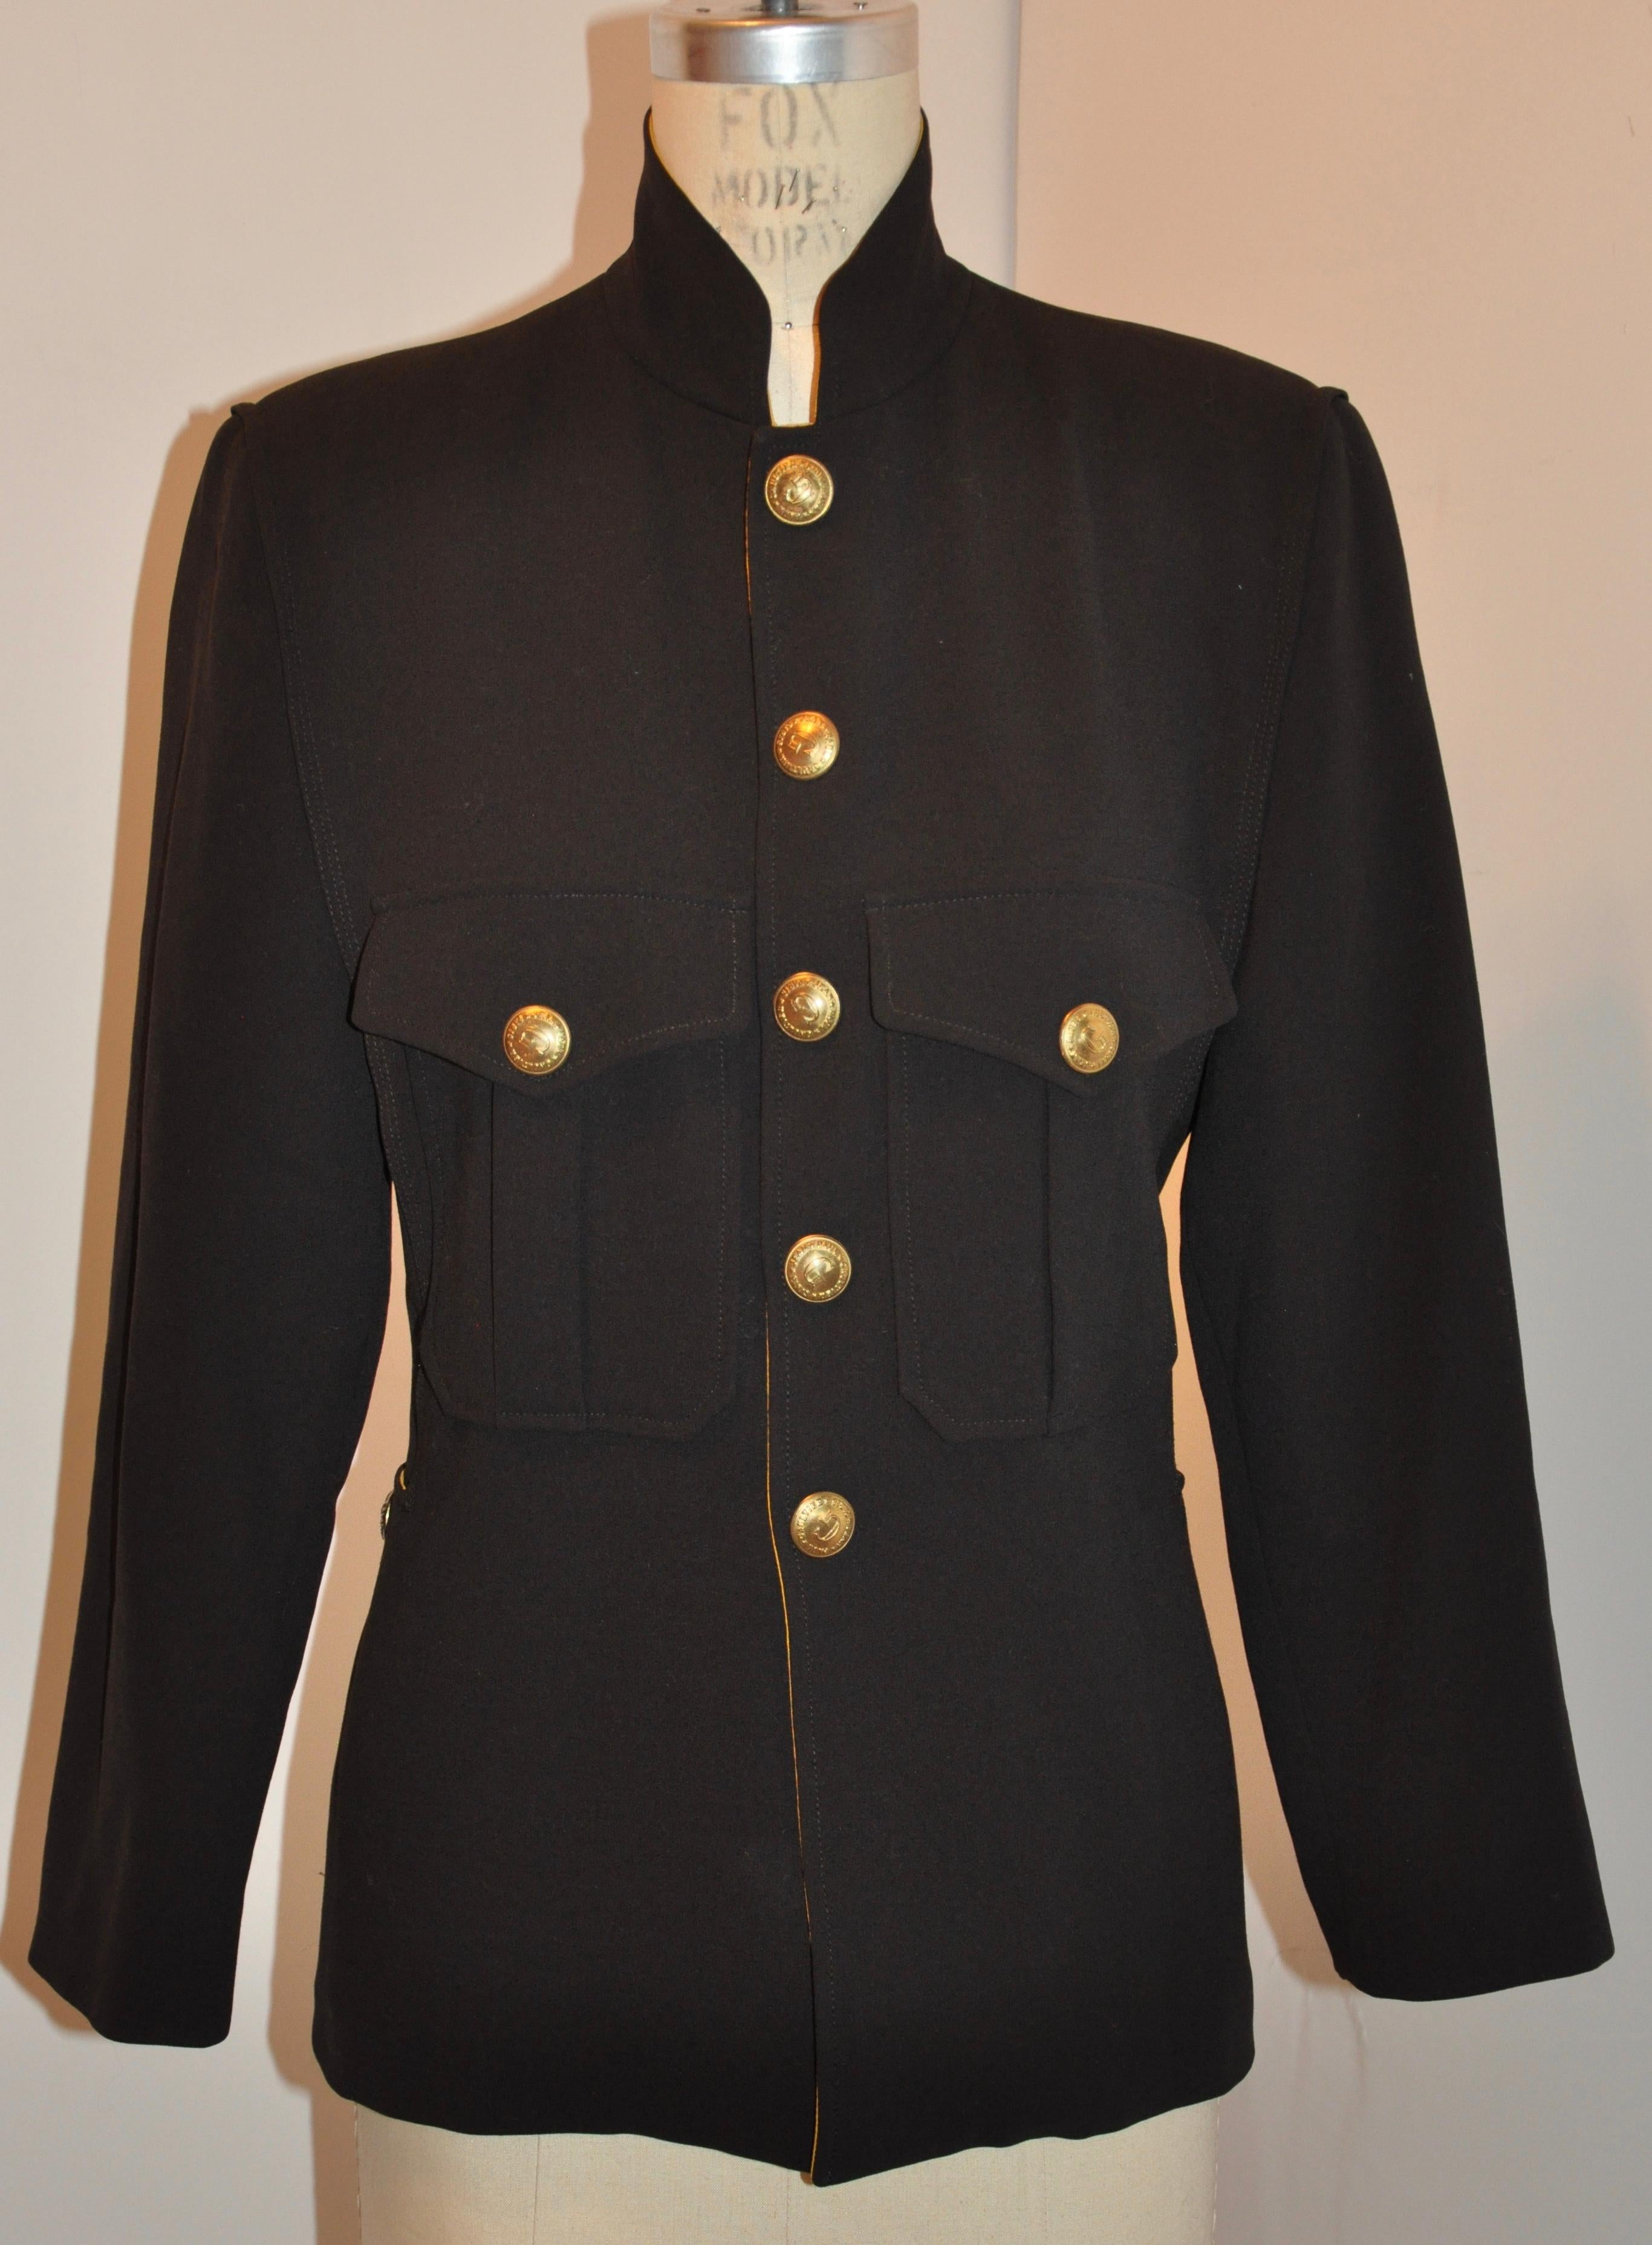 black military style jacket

---------------

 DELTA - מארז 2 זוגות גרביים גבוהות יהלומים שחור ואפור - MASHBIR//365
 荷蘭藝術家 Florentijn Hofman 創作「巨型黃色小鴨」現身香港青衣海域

---------------

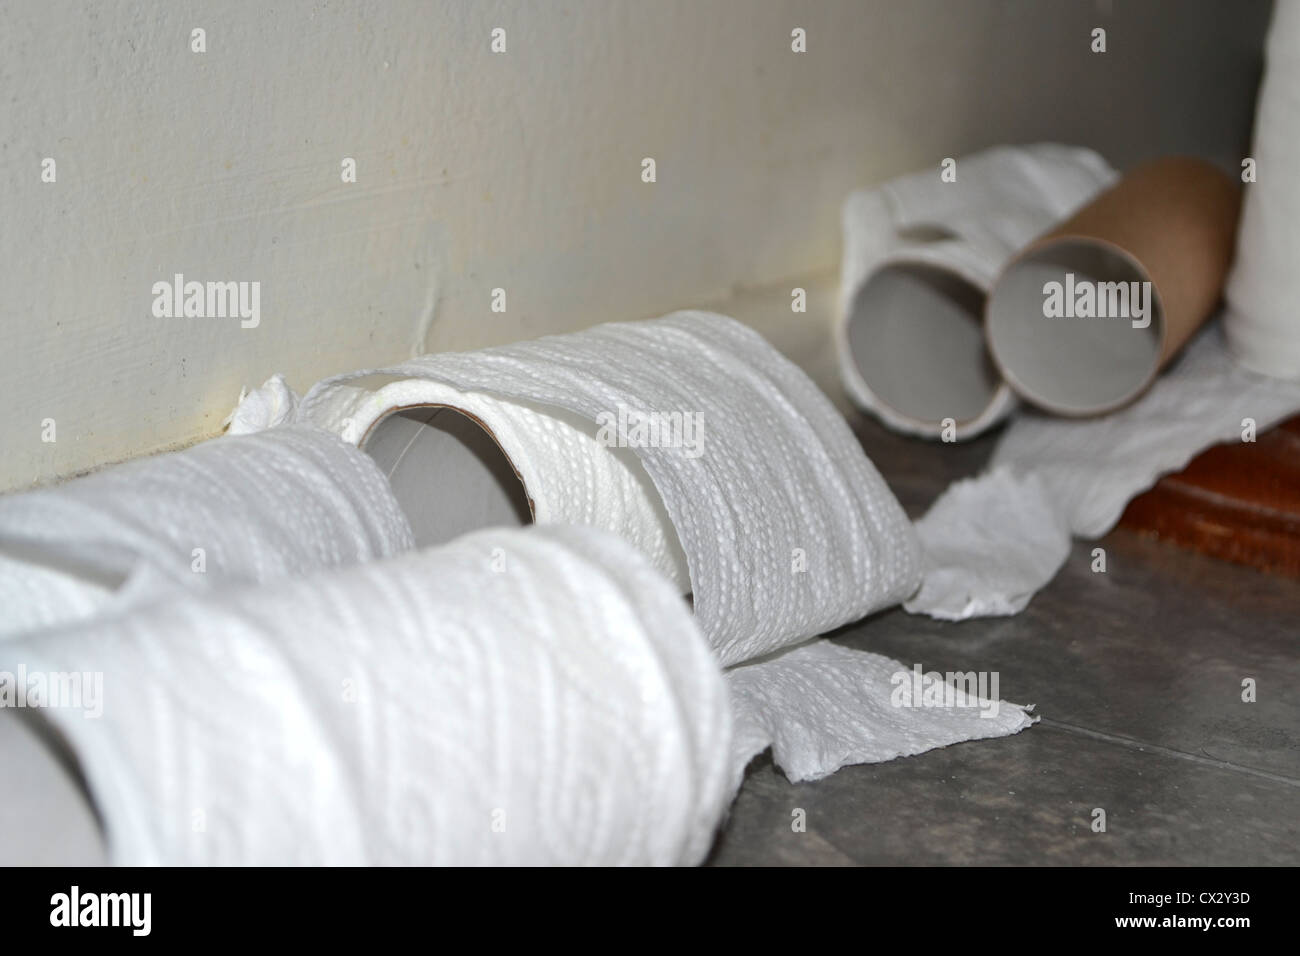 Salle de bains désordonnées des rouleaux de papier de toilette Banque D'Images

---------------

## EXERCISE REQUIREMENTS
Retype only the stretch of lines above starting at the one with "DELTA - מארז" and stopping at the one with "荷蘭藝術家 Florentijn Hofman 創作「巨型黃色小鴨」現身香港青衣海域", exactly as written, with both kept.

## EXERCISE RESPONSE
 DELTA - מארז 2 זוגות גרביים גבוהות יהלומים שחור ואפור - MASHBIR//365
 荷蘭藝術家 Florentijn Hofman 創作「巨型黃色小鴨」現身香港青衣海域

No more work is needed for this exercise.